Une fois, quand Il m’apparut pour me communiquer ses souffrances, je Lui ai dit : « Mon bien-aimé Seigneur, ne prends pas mal mon refus de souffrir. Que veux-Tu de moi ? Puisque c’est l’obéissance qui m’en empêche, je ne peux plus me soumettre.
Mais si Tu veux que je fasse ta Volonté, donne la lumière à mon confesseur pour qu’il m’accorde ce que Tu désires. Autrement, je suivrai ses désirs et m’opposerai obstinément à ta Volonté. Vraiment je croirai que Tu n’es pas mon aimable Jésus ! »

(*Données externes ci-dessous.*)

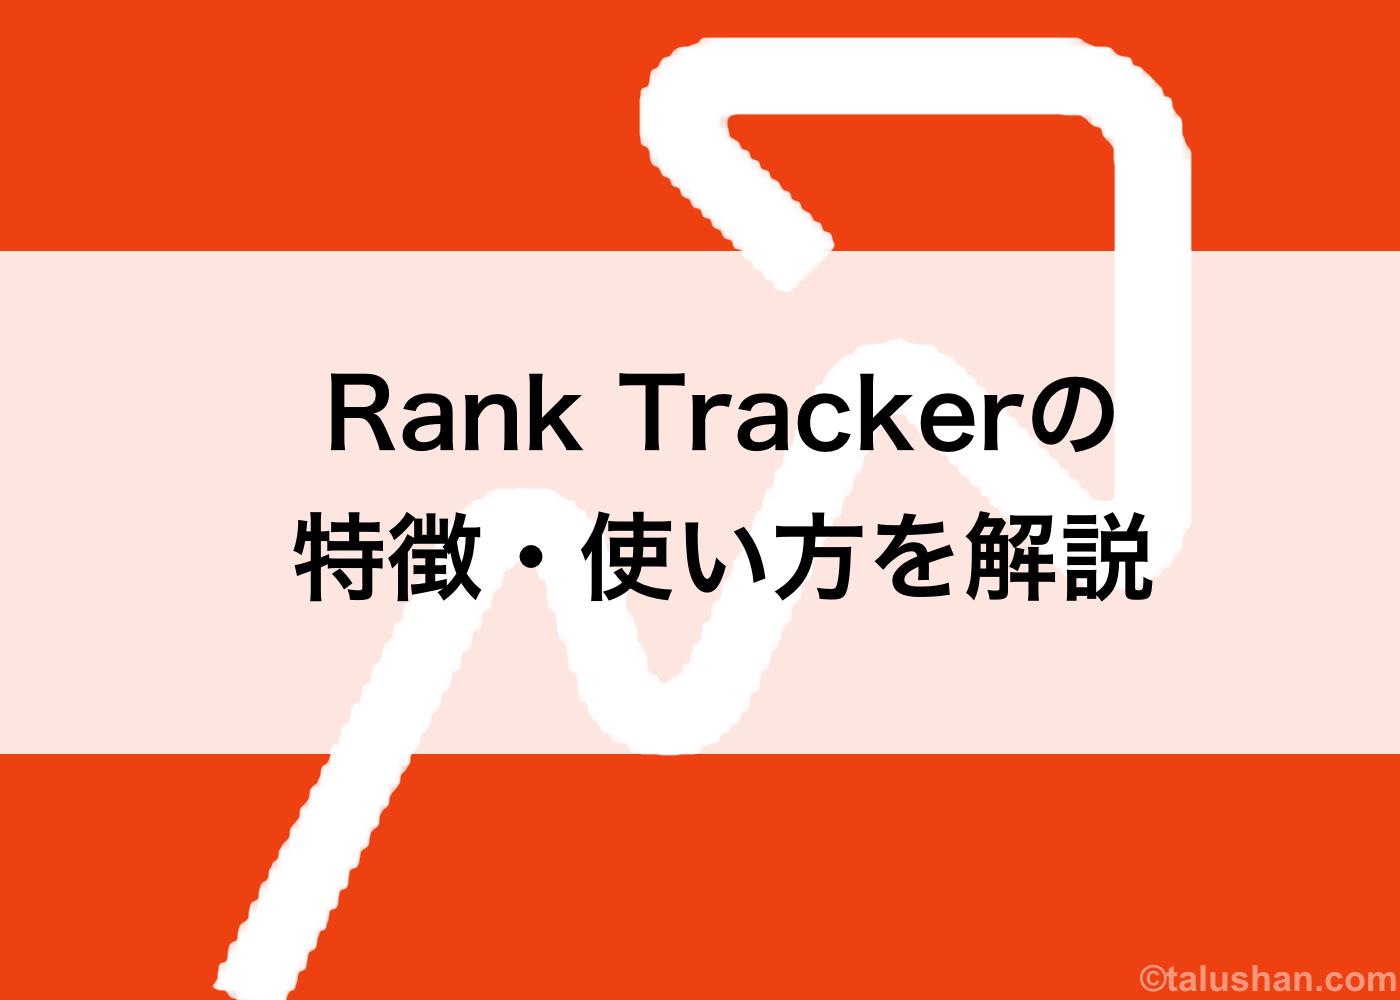 Rank Tracker(ランクトラッカー)の特徴・使い方を解説

Notre-Seigneur voulait me soumettre à un test sévère en me faisant passer une nuit toute entière brouillée avec Lui. Avec le risque d’être trouvée malavisée, j’ai maintenu ma position toute une nuit.
Quand Il viendrait, je Lui dirais vivement : « Mon Amour, prends patience. J’ai besoin du consentement de mon confesseur pour que Tu puisses me communiquer ta souffrance. Aussi, s’il te plaît, ne me force pas à opposer ma volonté à la Tienne. Sans le consentement de ma volonté qui ne pliera pas sans le consentement de mon confesseur, Tu peux néanmoins me réduire à l’anéantissement et me communiquer toutes tes peines, tes chagrins et tes souffrances. (3) »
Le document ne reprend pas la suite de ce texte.